• sulla80

Early Cistophoric Tetradrachm with Leopard

Updated: Dec 13, 2020

“The cistophorus, with its writhing serpents and over-elaborate ornamentation, is perhaps the ugliest coin in the Greek series. Collectors have tended to pass it by, and, maybe in consequence, it has not yet yielded to the historian all the nourishment which he might extract from it.”

-Robinson, E. (1954). CISTOPHORI IN THE NAME OF KING EUMENES. The Numismatic Chronicle and Journal of the Royal Numismatic Society, 14(44), 1-8.


Although I happily use digital resources, I do enjoy a nice hardcover book...The Early Cistophoric Coinage by Fred S. Kleiner and Sydney P. Noe, ANS, NY, 1977 arrived in the mail today - a bargain, barely used, for $20 and a complement on the shelf to Metcalf Later Republican Cistophori. Here's the Early Cistophoric coin that came a few days earlier - not quite as good a bargain.

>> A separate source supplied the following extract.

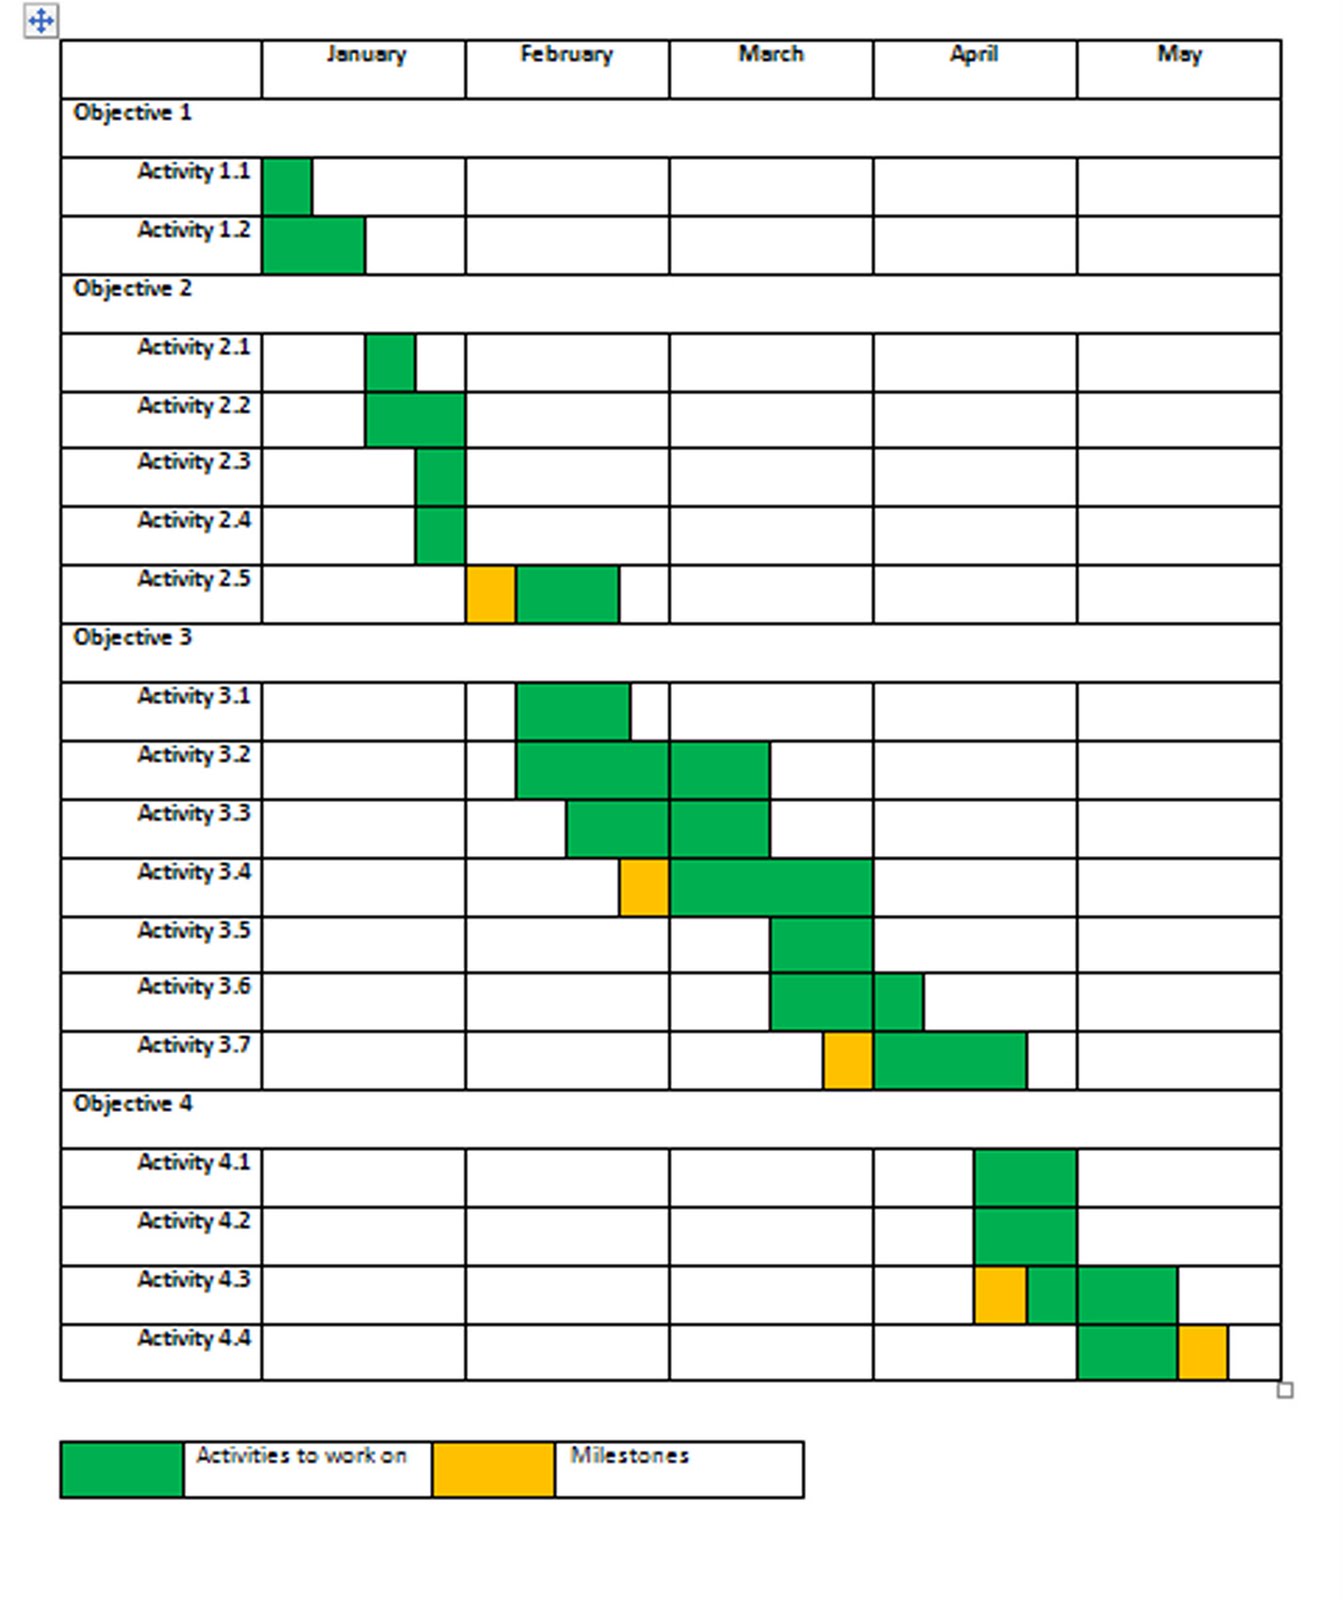 Gantt charts in ms project - vsafour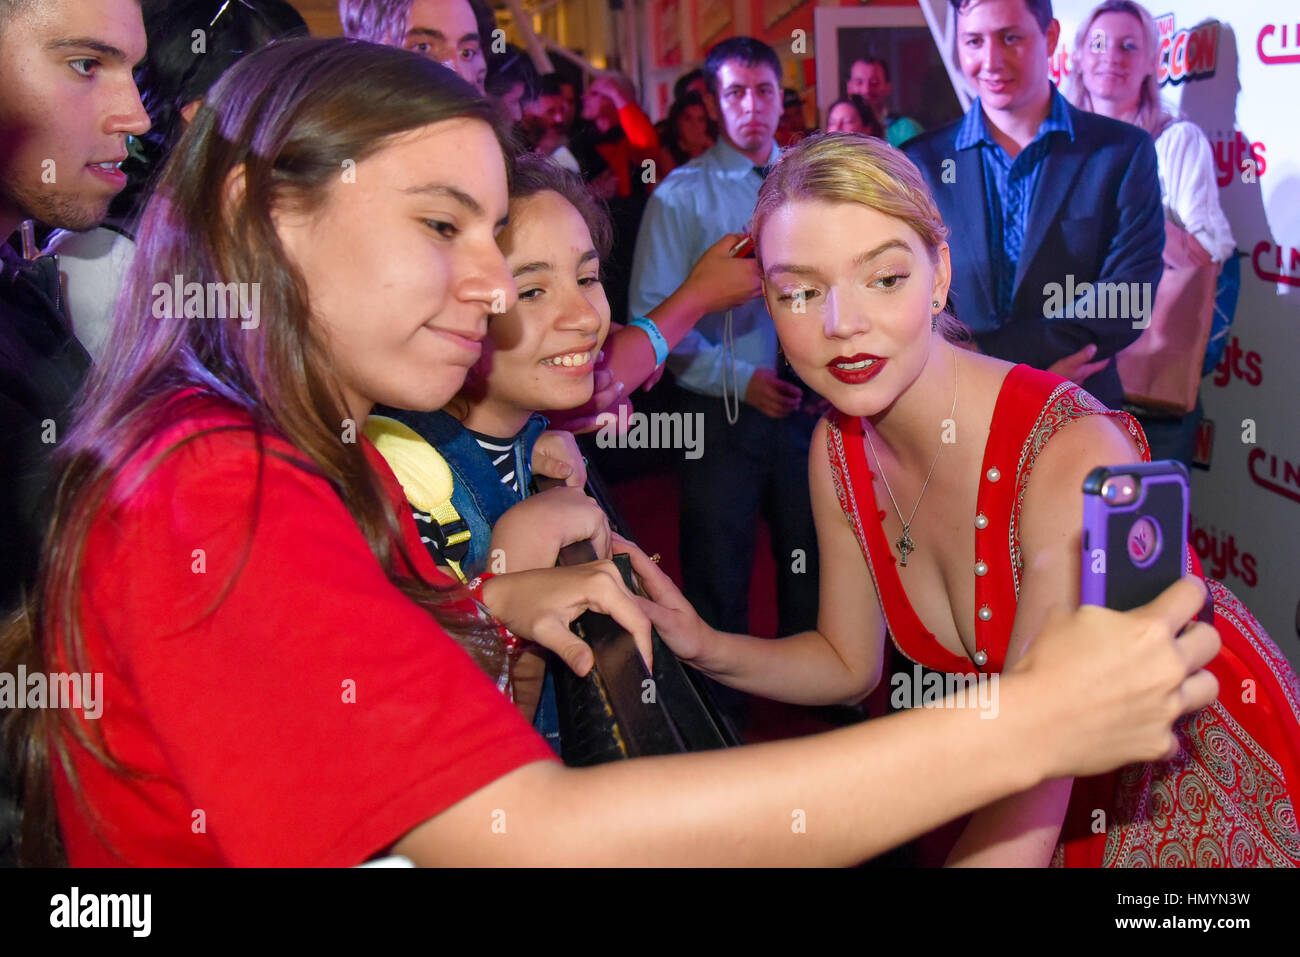 Buenos Aires, Argentina - Dec 8, 2016: American actress and model Anya Taylor-Joy with fans at the Argentina Comic Con convention. Stock Photo

Obv: Cista mystica with half-open lid, from which a serpent issues to left; all within ivy wreath

Rev: Two coiled serpents with heads erect; between them an ornamental bow-case with strap at right, containing a strung bow. To left, EΦE, head of leopard right

Size: 12.77g 29mm

Ref: Kleiner & Noe: Series 1:1-a p.41

The 1 (as in 1-b) indicates the obverse die and the b indicates the reverse dies. I find it somewhat surprising that all known dies are in fairly brief book - but sure enough my coin is a double die match with the coin on Plate XI. Kleiner (also available online) mentions that as of publication there were only 11 known coins from Ephesus Series 1 & 2.